Using CD44 antibody (Anti-CD44), it was injected into mouse cortex by brain stereotaxic technique. After the mice recovered, the Parkinson's model was established by intraperitoneal injection of the neurotoxin MPTP (Figure 1A). The study found that CD44 antibody can significantly alleviate the motor dysfunction of Parkinson's model mice, such as the time of turning stick was significantly longer than that of the control MPTP group (Fig. 1B), the resting time in the tail suspension experiment was shorter than that of the control MPTP group (Fig. Rod time was reduced compared to the control MPTP group (Fig. 1D) as well as improved MPTP-induced olfactory dysfunction (Fig. 1D). The results of histomorphological analysis showed that the expression of tyrosine hydroxylase (TH) in the substantia nigra of the Parkinson's model mice was significantly reduced, while the expression of TH could be significantly increased by antibody treatment, indicating the number of dopaminergic neurons recovered (Fig. 2A,B). To further confirm the above results, the expression of TH protein was detected by western blot, and it was found that MPTP treatment resulted in a significant decrease in the amount of TH protein, and treatment with this antibody reversed this downward trend (Fig. 2C). In addition, immunofluorescence analysis showed that MPTP-induced neuroinflammation in the substantia nigra was significantly improved after antibody treatment, which was manifested by ionized calcium binding adapter molecule 1, IBA-1) (Fig. 3A, B) and glial fibrillary acidic protein (glial fibrillary acidic protein), a marker of astrocyte activation acidic protein, GFAP) (Fig. 3C,D).

Claims

Application of a CD44 antibody in the preparation of a drug for treating Parkinson's disease.

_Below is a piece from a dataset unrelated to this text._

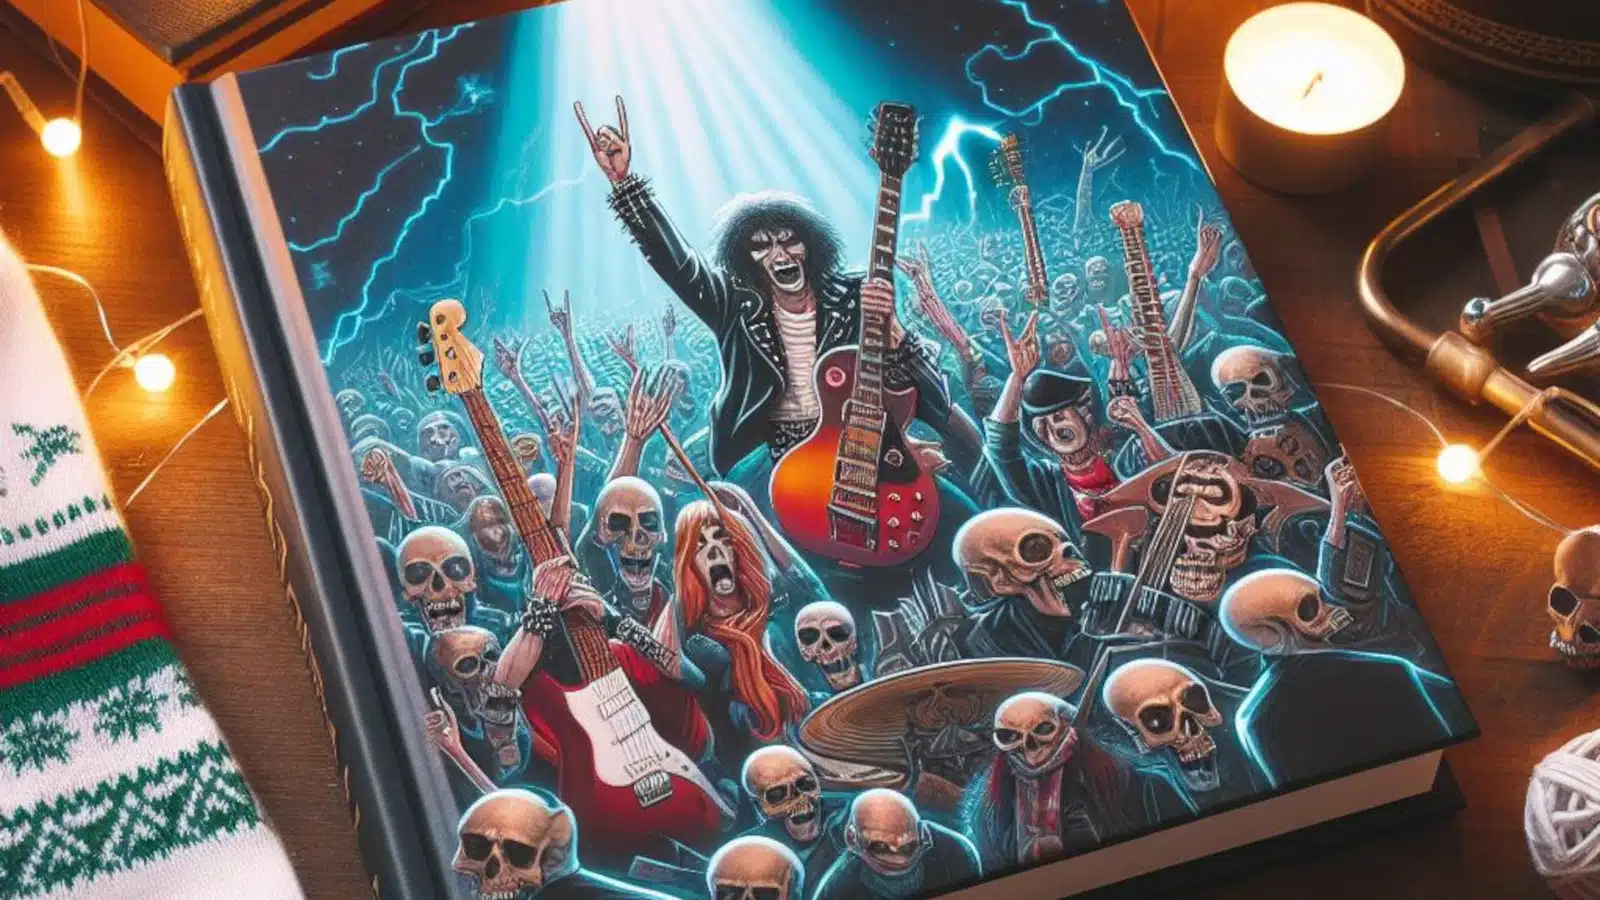 Books for Rock Fans This Christmas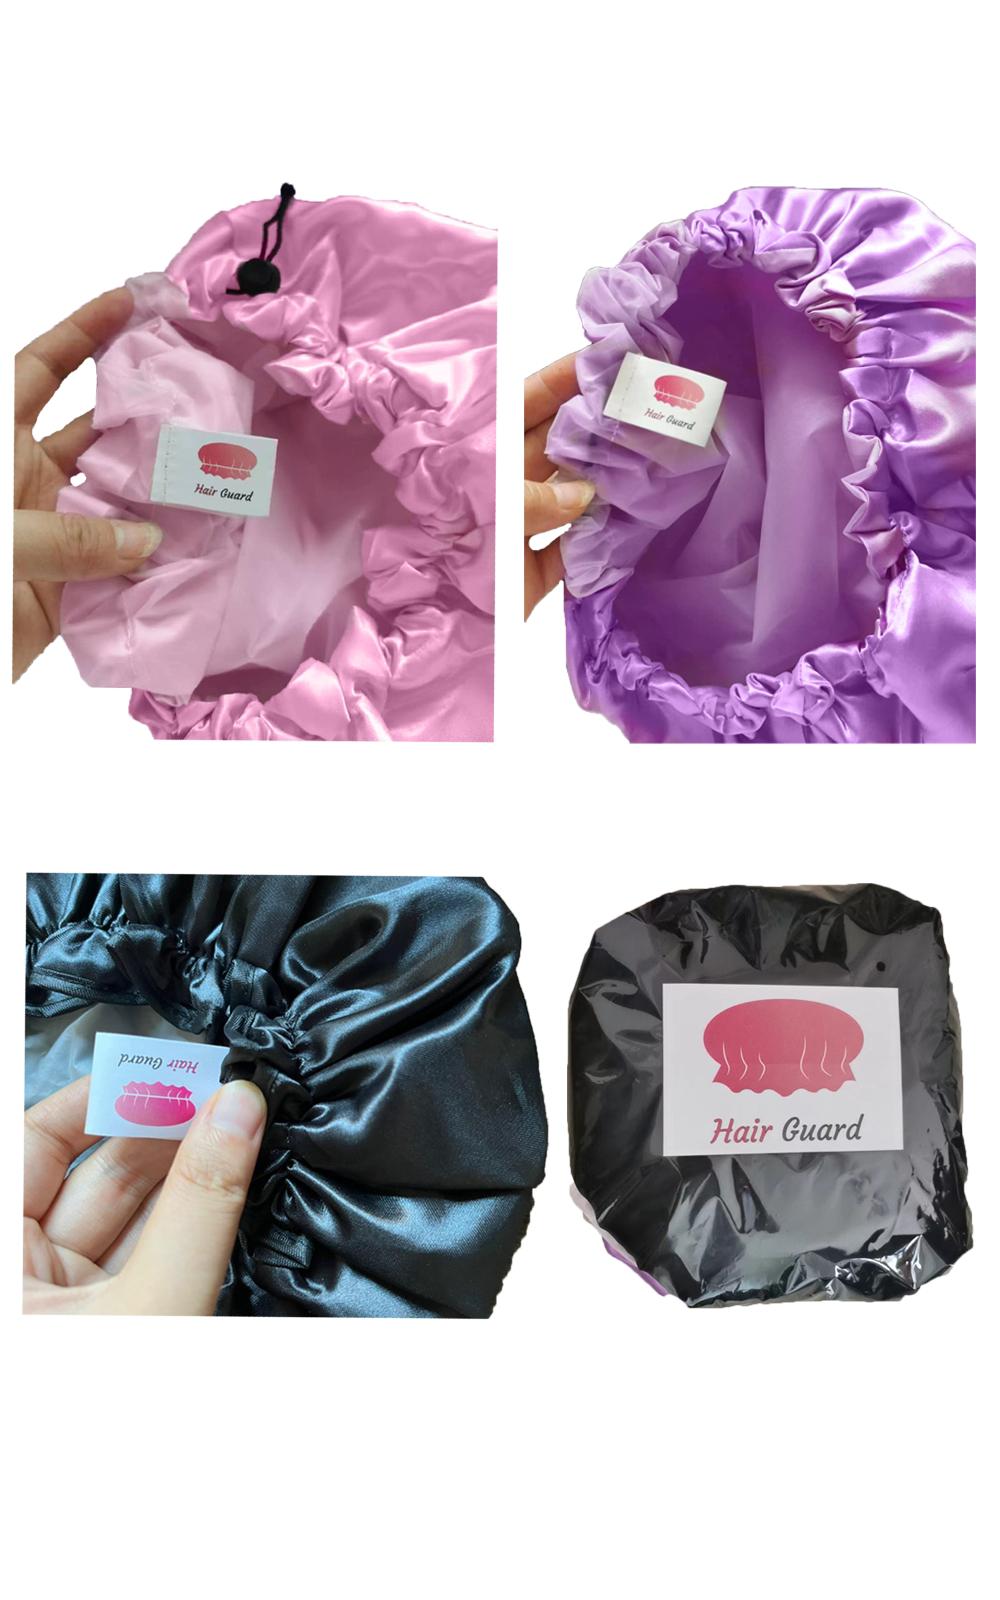 Hair Guard Reusable Shower Cap - Waterproof and Adjustable Shower Caps&nbsp; for Women and Men, Ideal for long and thick hair, Easily adjustable 3 pieces in 1 pack. (COLORS: BLACK, PINK, PURPLE)

The application of the CD44 antibody according to claim 1 in the preparation of a medicine for treating Parkinson's disease, characterized in that: in the preparation of preventing Parkinson's disease by relieving motor dysfunction, improving MPTP-induced olfactory dysfunction, and increasing the expression of TH Pharmacological application of Kinsen's disease.